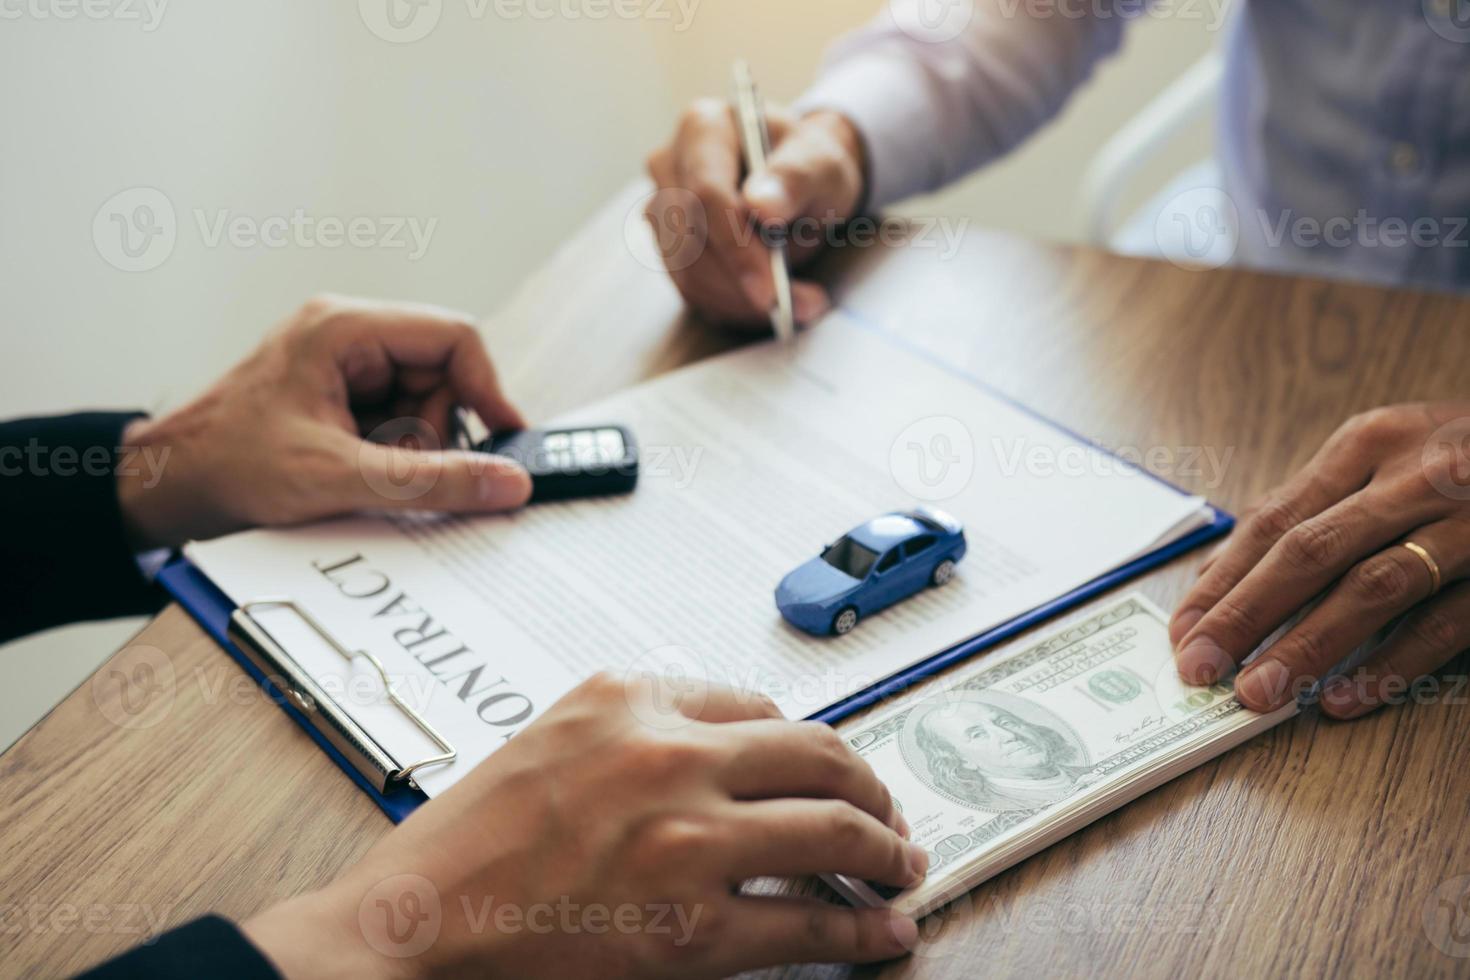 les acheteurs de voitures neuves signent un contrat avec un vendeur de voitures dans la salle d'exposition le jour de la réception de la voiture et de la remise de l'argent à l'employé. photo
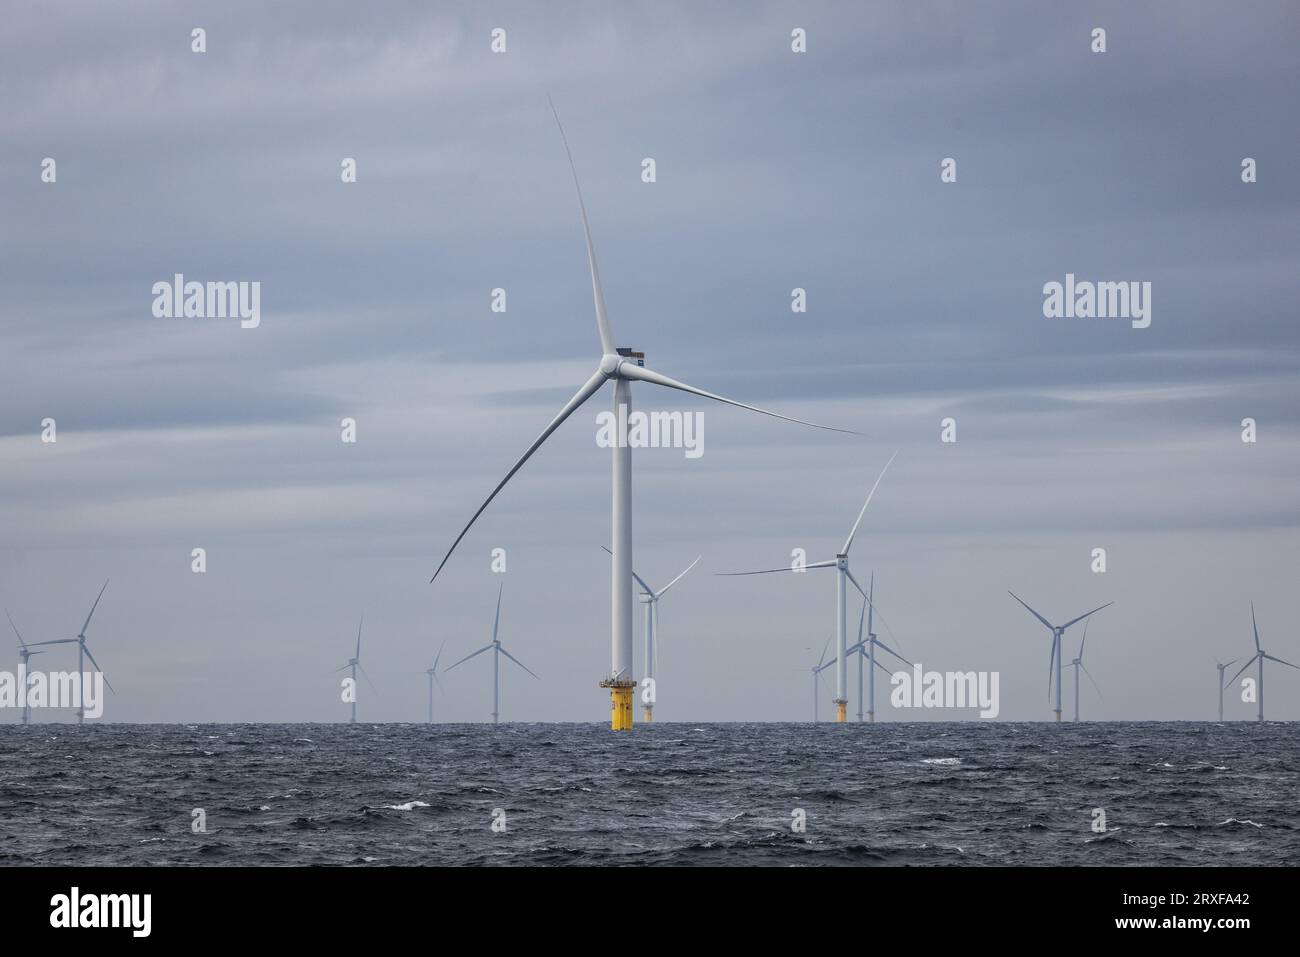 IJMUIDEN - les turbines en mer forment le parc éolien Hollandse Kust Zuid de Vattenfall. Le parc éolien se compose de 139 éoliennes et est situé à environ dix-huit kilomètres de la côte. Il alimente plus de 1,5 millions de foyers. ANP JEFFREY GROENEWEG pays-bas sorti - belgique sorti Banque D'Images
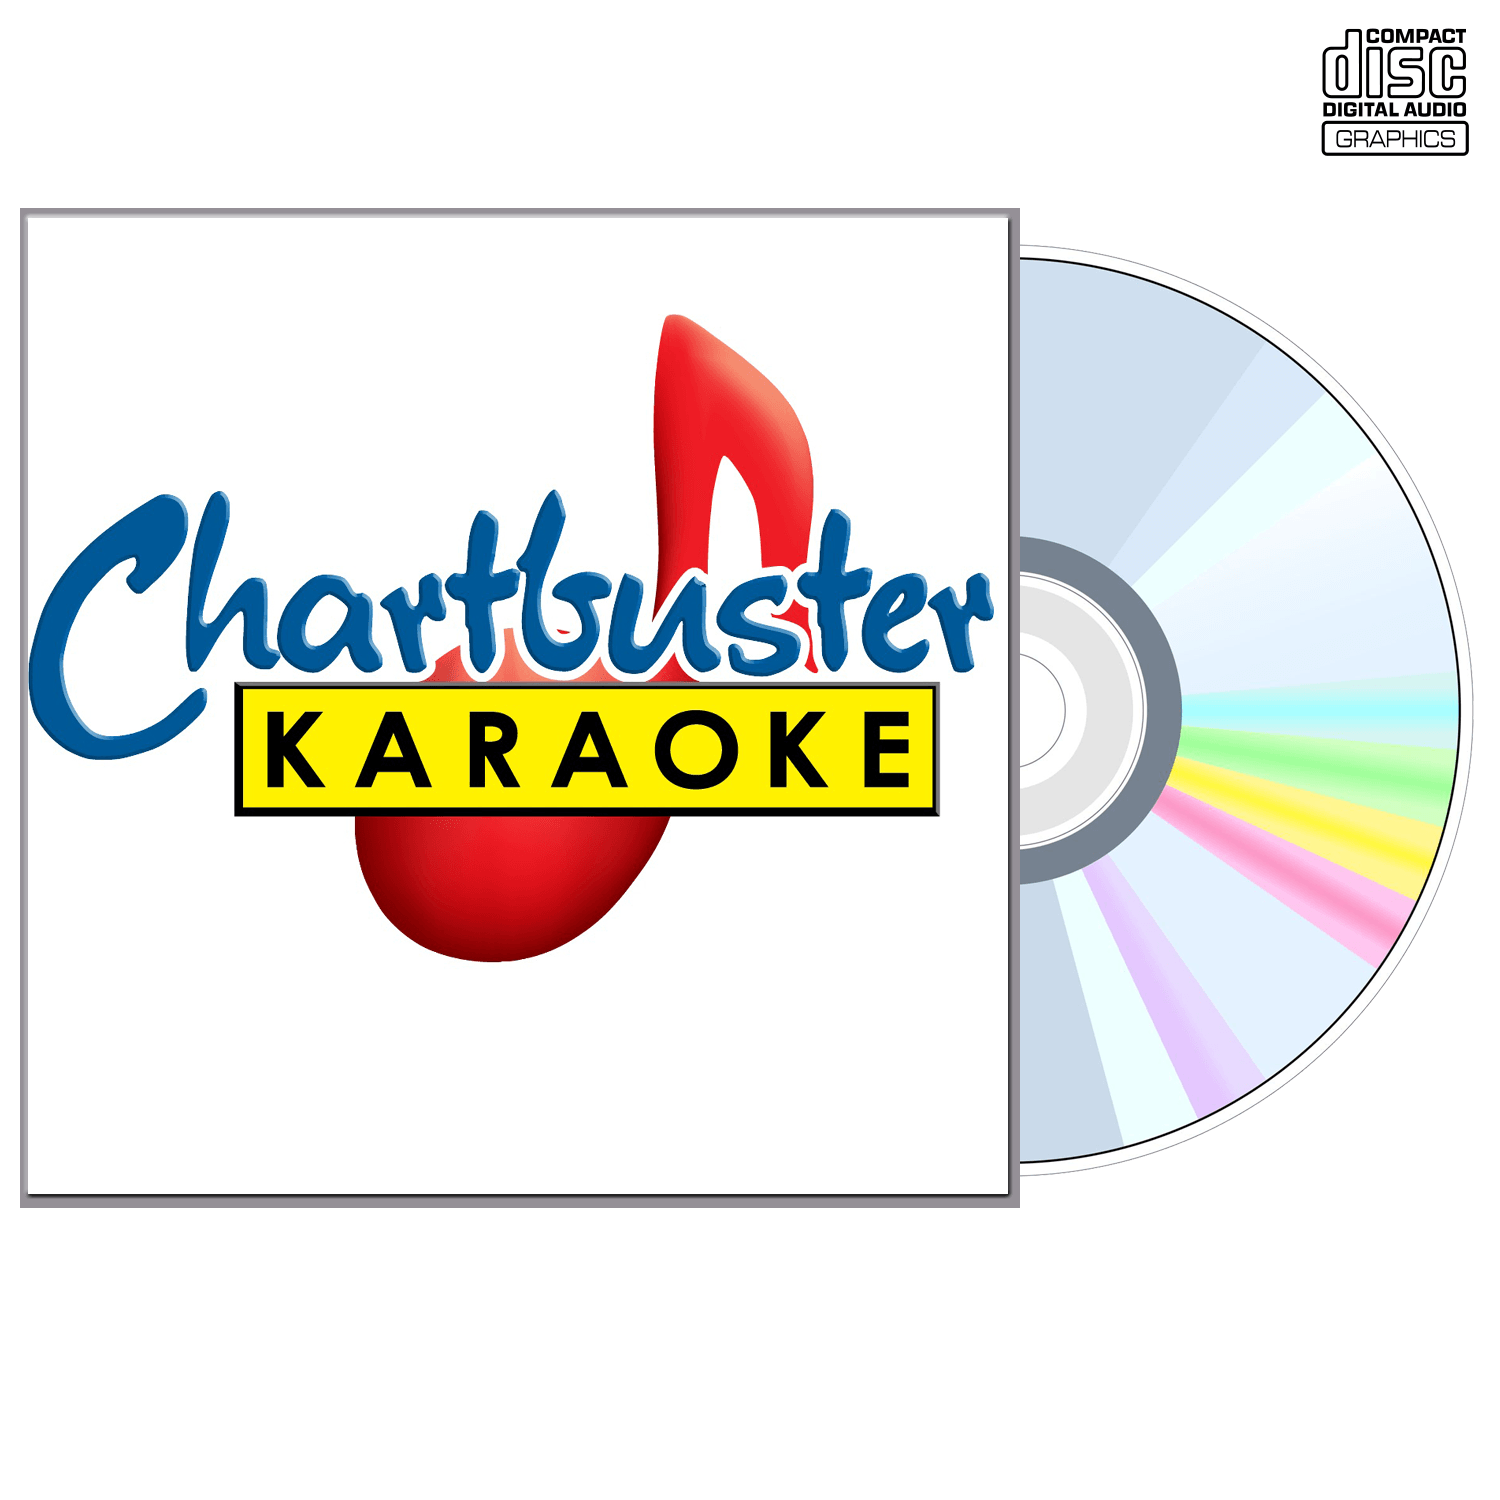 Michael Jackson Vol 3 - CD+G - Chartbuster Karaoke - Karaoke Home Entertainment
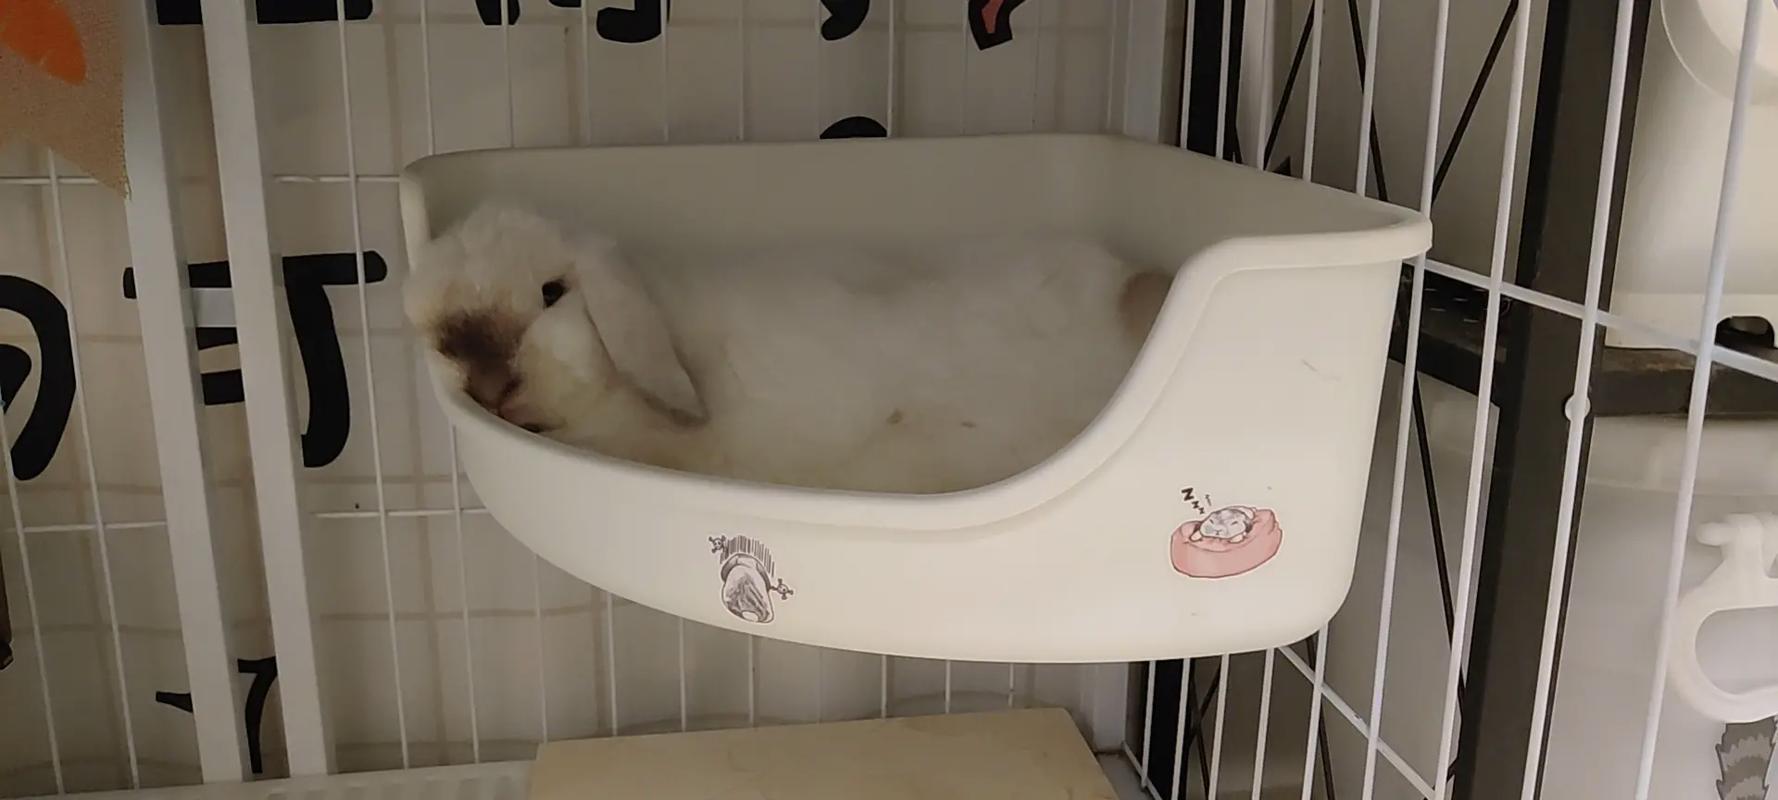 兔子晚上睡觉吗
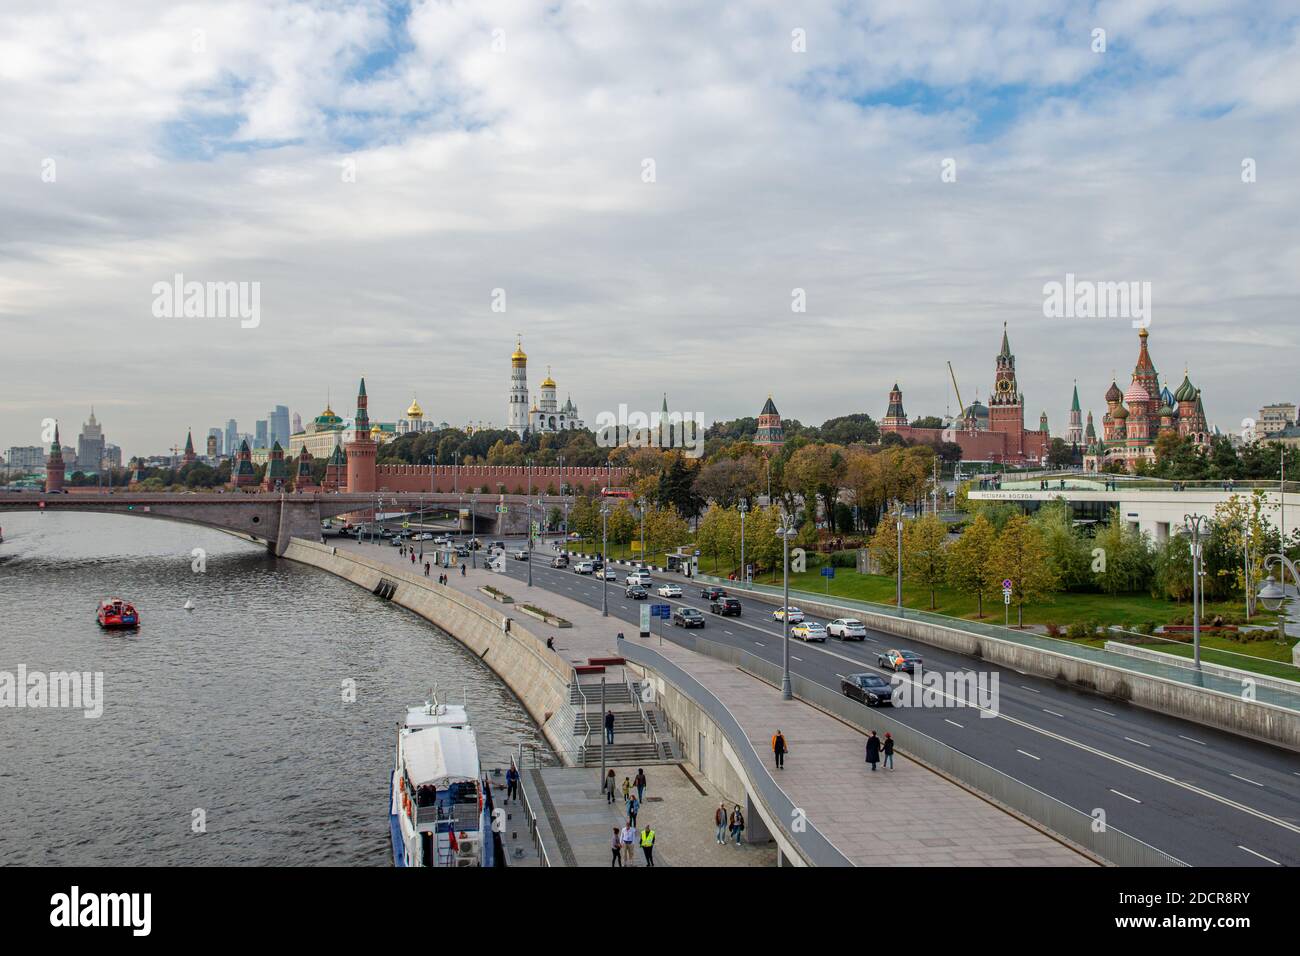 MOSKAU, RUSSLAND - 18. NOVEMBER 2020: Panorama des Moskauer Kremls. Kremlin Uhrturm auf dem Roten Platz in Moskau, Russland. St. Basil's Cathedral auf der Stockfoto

What to work on:
The required output is the span of lines from the line with "Michael Jackson Vol" through the final line of the listing above, reproduced exactly, minus the pictures.

Exercise solution:
 Michael Jackson Vol 3 - CD+G - Chartbuster Karaoke - Karaoke Home Entertainment
 兔子晚上睡觉吗
 MOSKAU, RUSSLAND - 18. NOVEMBER 2020: Panorama des Moskauer Kremls. Kremlin Uhrturm auf dem Roten Platz in Moskau, Russland. St. Basil's Cathedral auf der Stockfoto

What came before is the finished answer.